◆ THE INPUT:
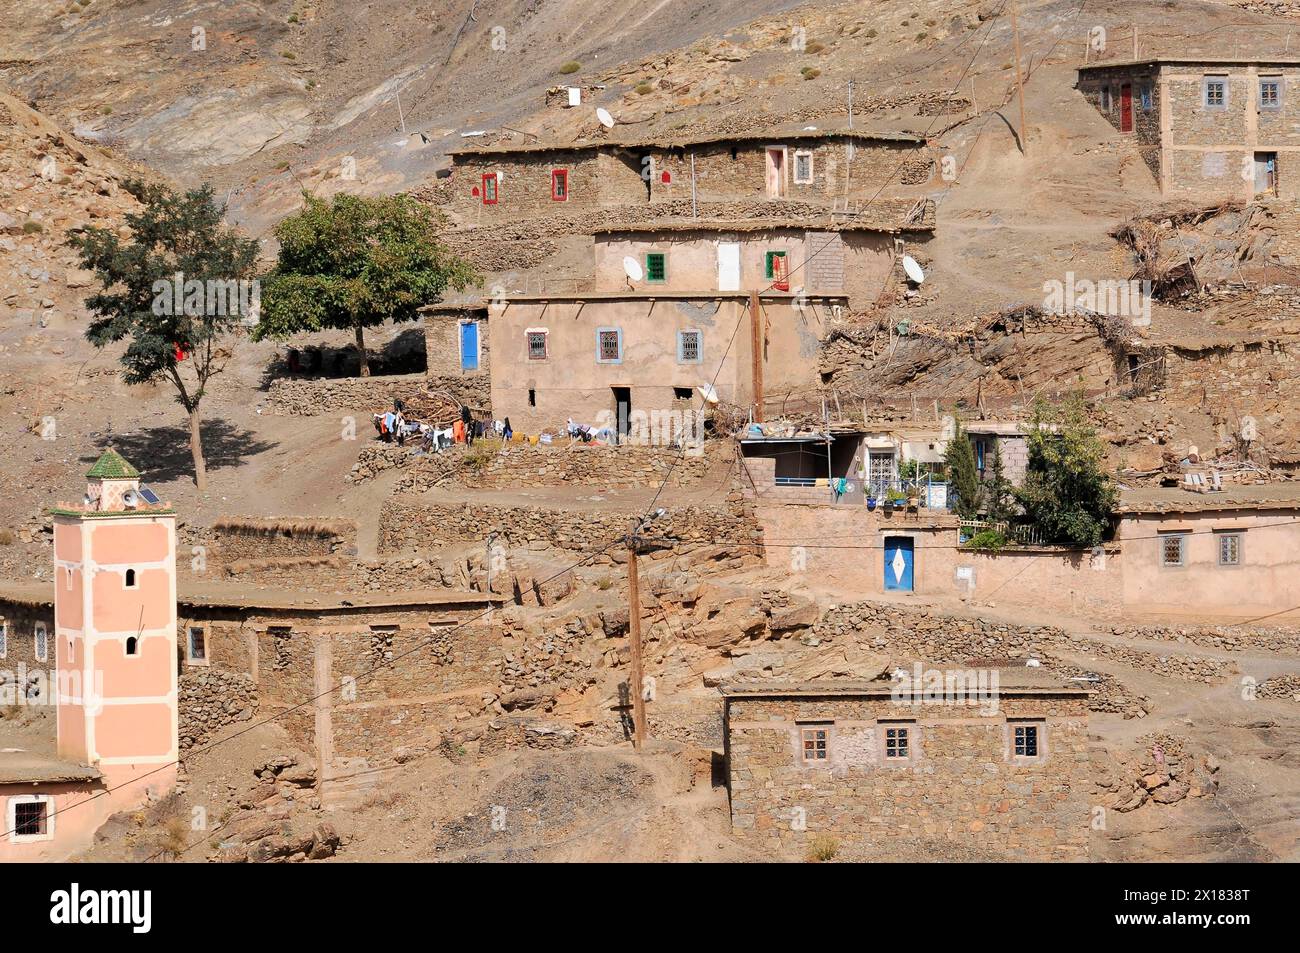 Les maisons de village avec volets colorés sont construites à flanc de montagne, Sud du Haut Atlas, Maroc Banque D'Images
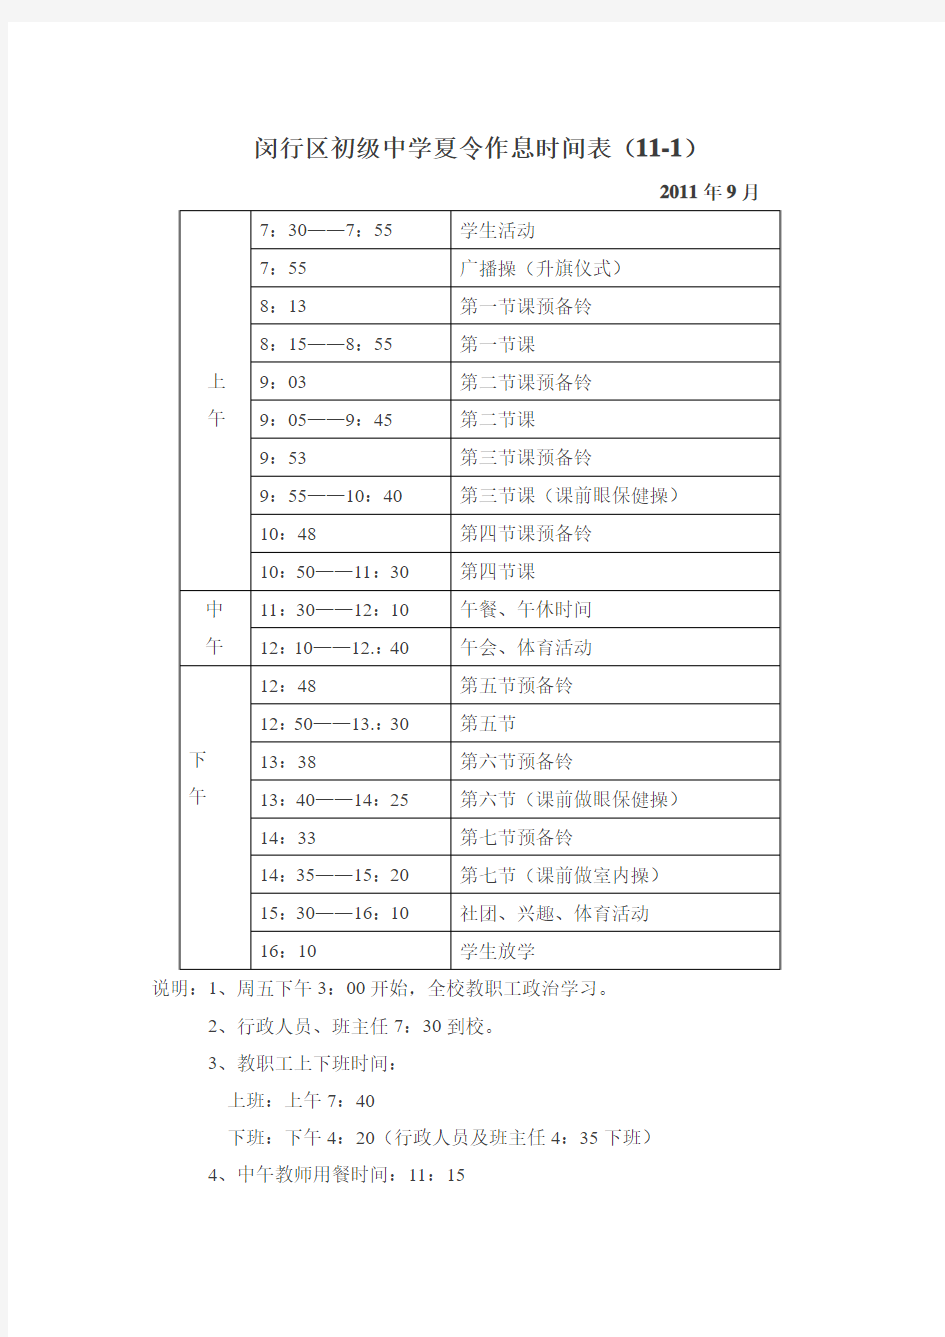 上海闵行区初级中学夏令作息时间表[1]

* * *

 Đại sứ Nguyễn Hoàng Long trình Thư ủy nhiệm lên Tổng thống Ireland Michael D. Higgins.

◆ REQUIRED ACTION:
Pictures are to be left out. Write out only the lines above starting at the one with "Les maisons de" and ending at the one with "上海闵行区初级中学夏令作息时间表[1]", both lines included, exactly.

◆ EXERCISE OUTPUT:
 Les maisons de village avec volets colorés sont construites à flanc de montagne, Sud du Haut Atlas, Maroc Banque D'Images
 上海闵行区初级中学夏令作息时间表[1]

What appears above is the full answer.